**INFORMATION SHOWN:**
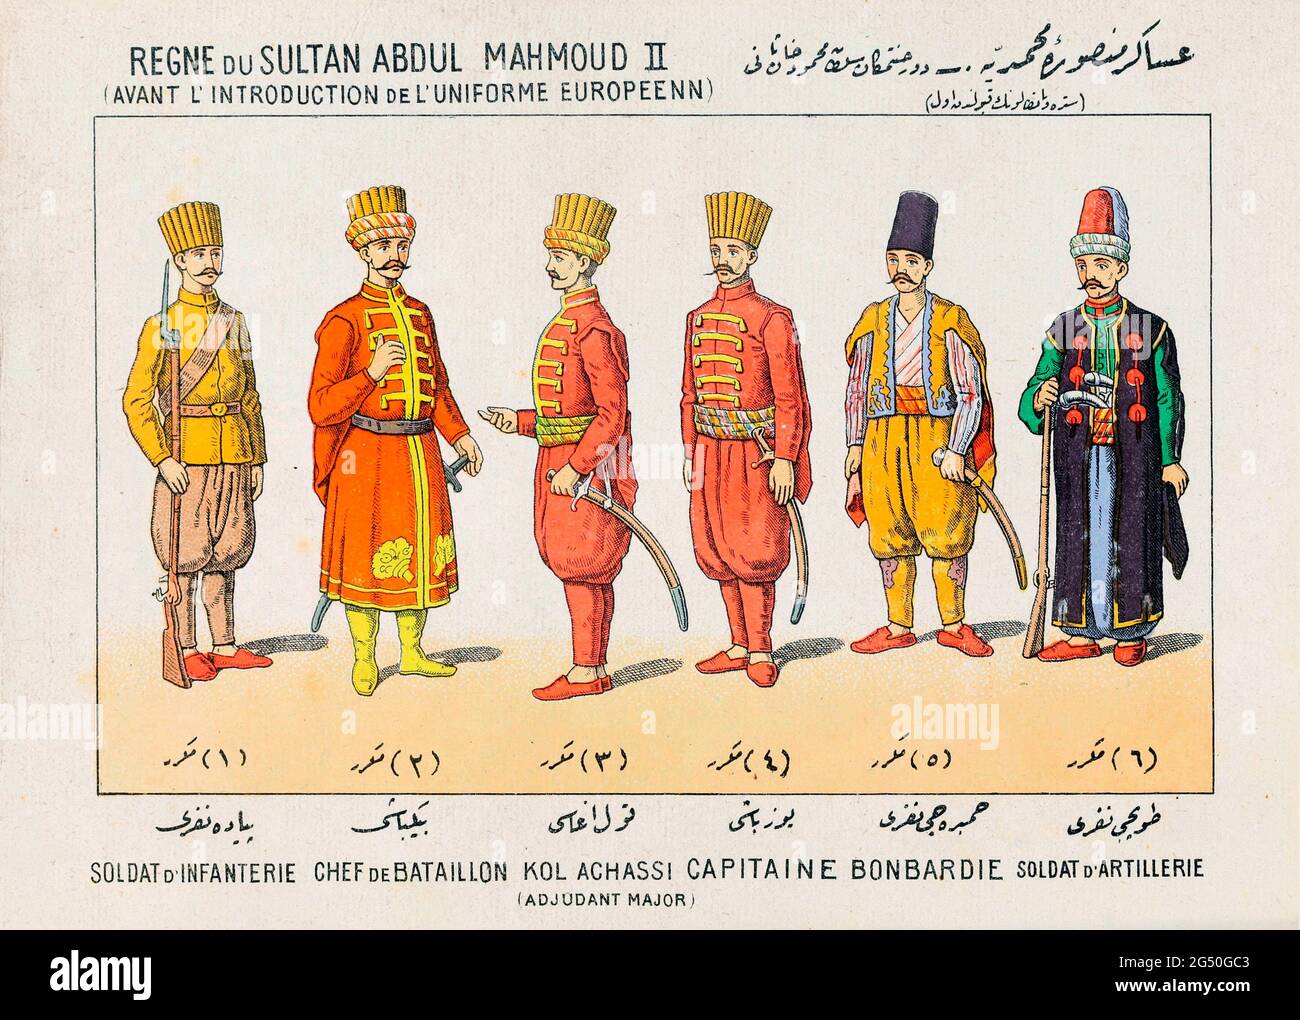 Illustrated history of Turkish Army (Ottoman Empire). Sultan Abdul Mahmud II period (reign: 1808 – 1839), before the introduction of the European unif Stock Photo
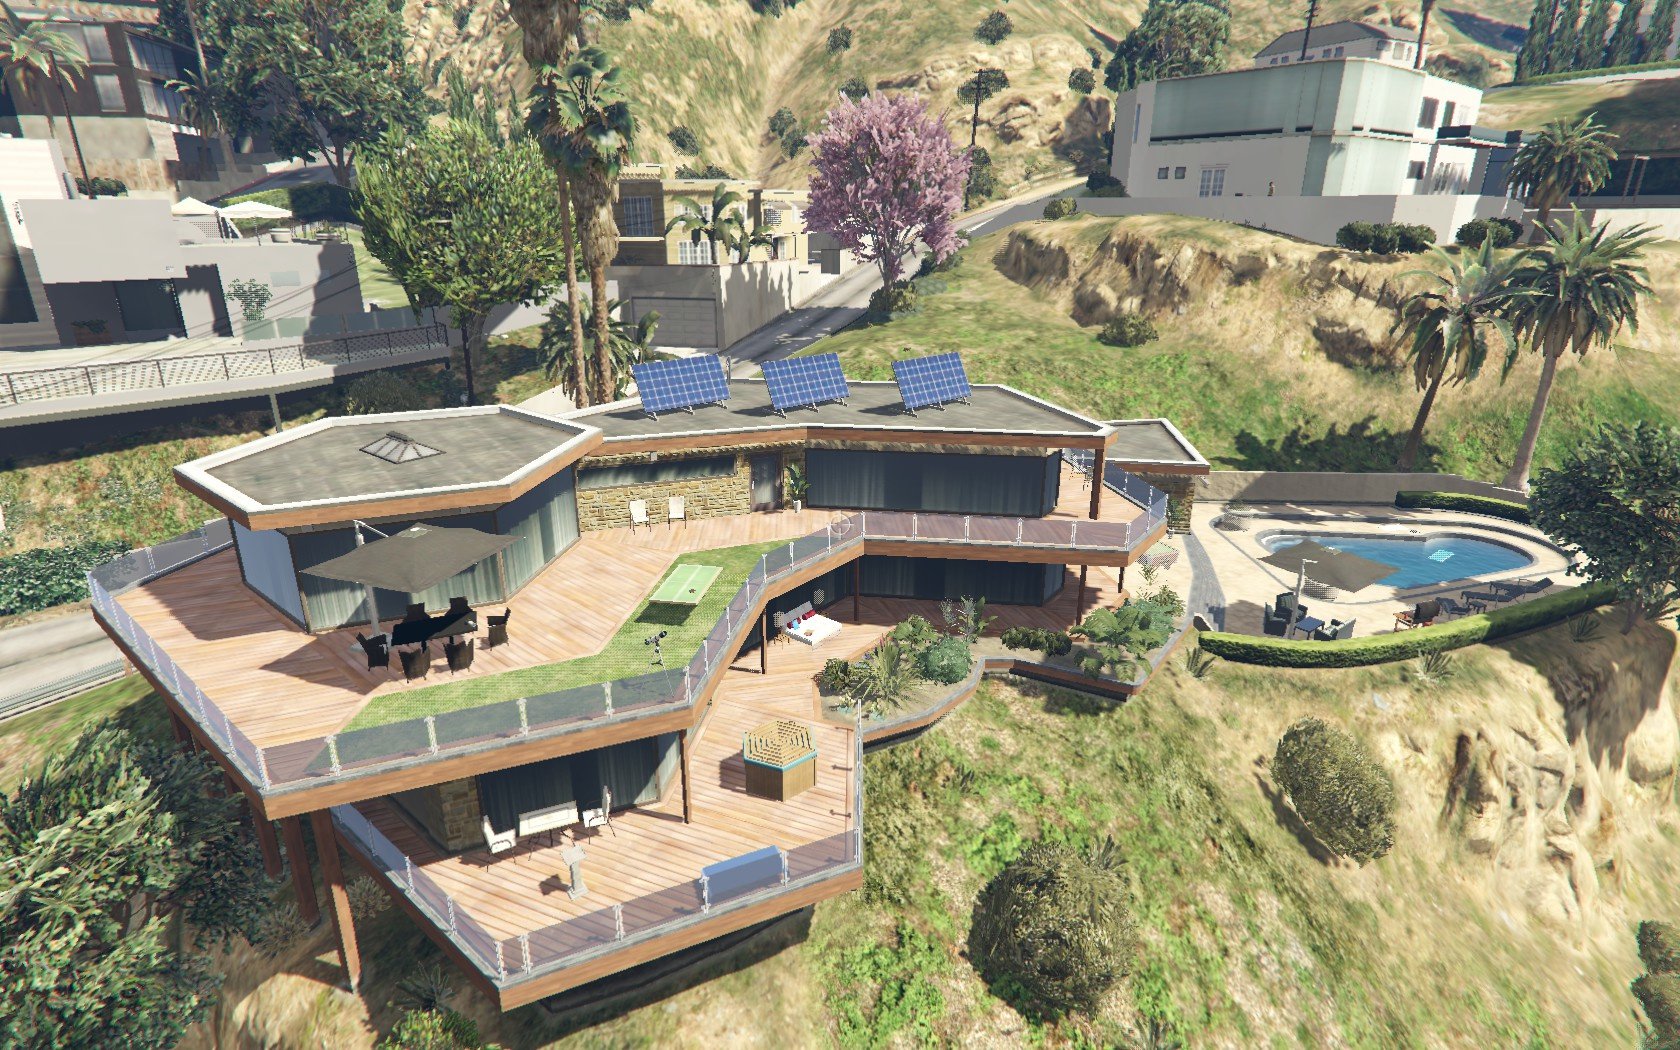 Richest house in gta 5 фото 65
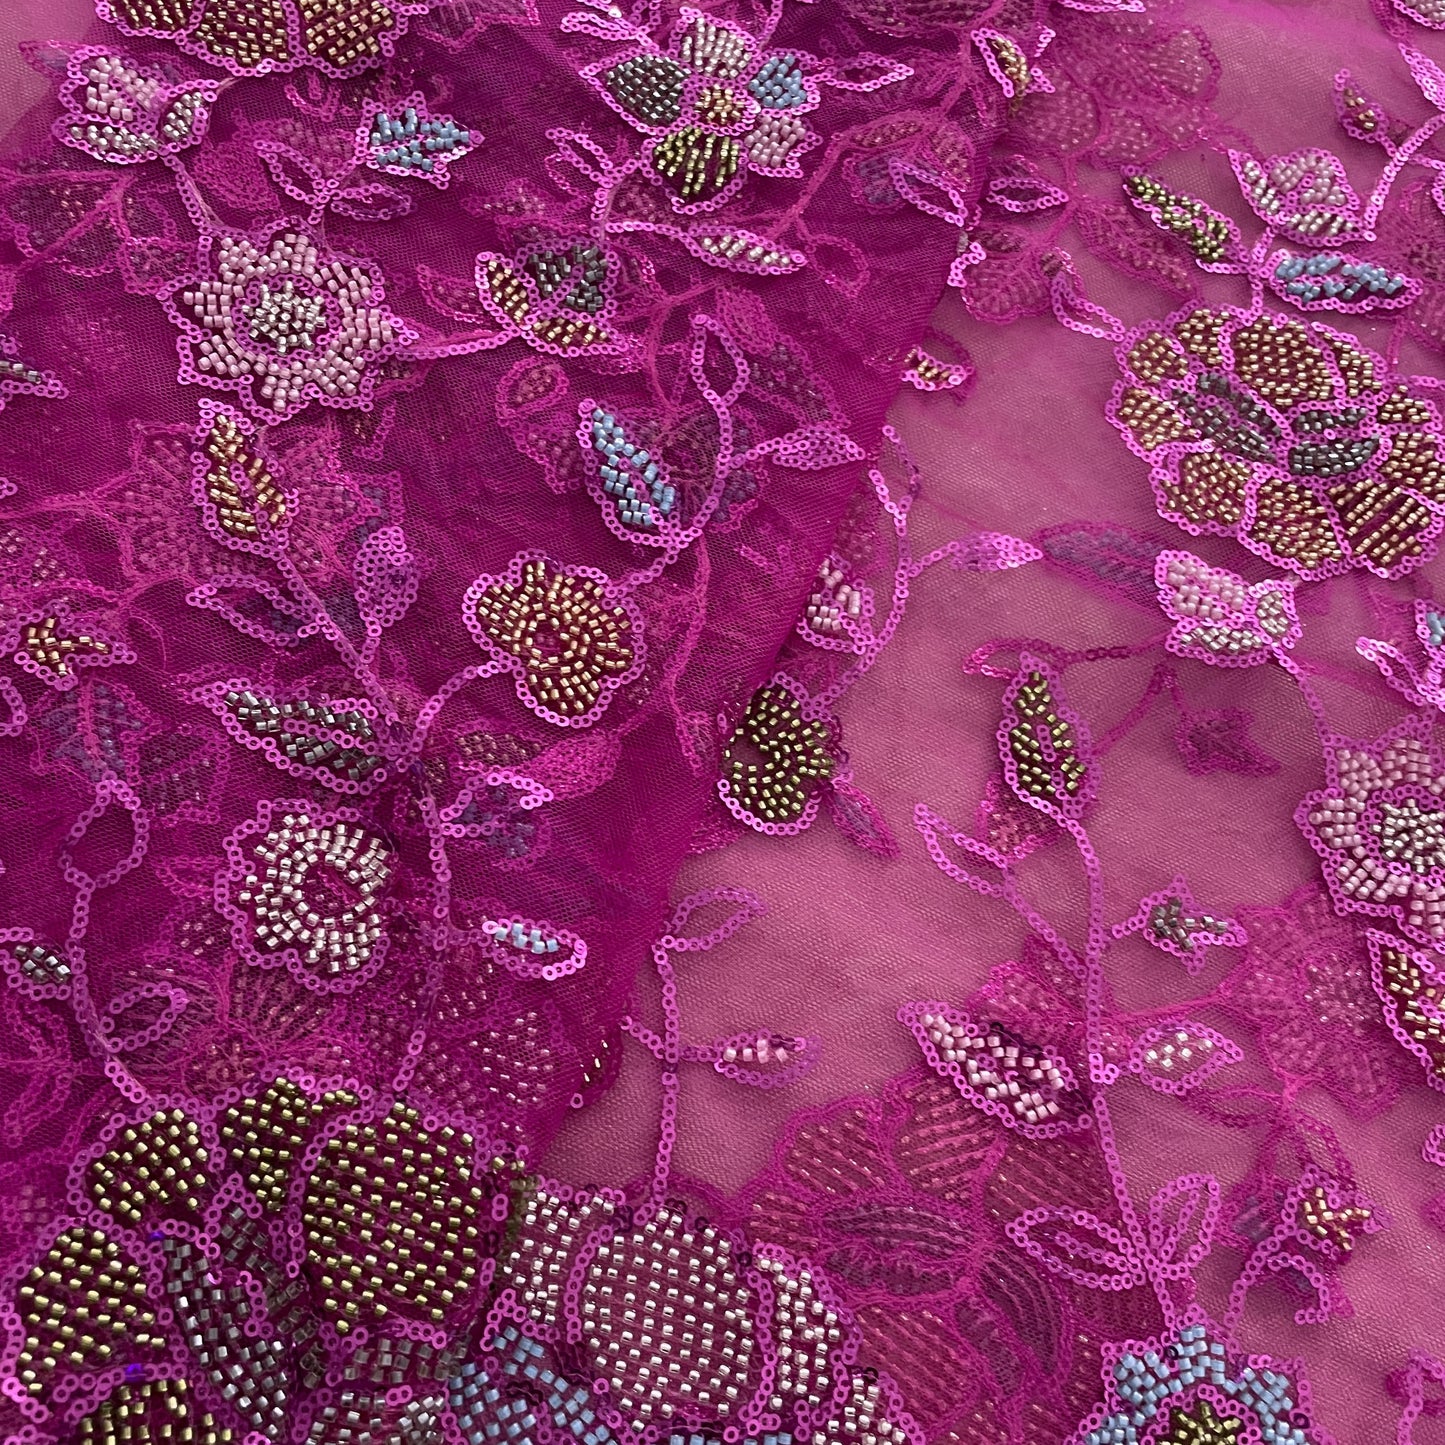 Premium Pink Floral CutDana Sequins Embroidery Net Fabric

**EXERCISE DESCRIPTION:** Transcribe each line above verbatim, with the pictures left out.

**OUTPUT FOR THIS EXERCISE:**
 Illustrated history of Turkish Army (Ottoman Empire). Sultan Abdul Mahmud II period (reign: 1808 – 1839), before the introduction of the European unif Stock Photo
 Richest house in gta 5 фото 65
 Premium Pink Floral CutDana Sequins Embroidery Net Fabric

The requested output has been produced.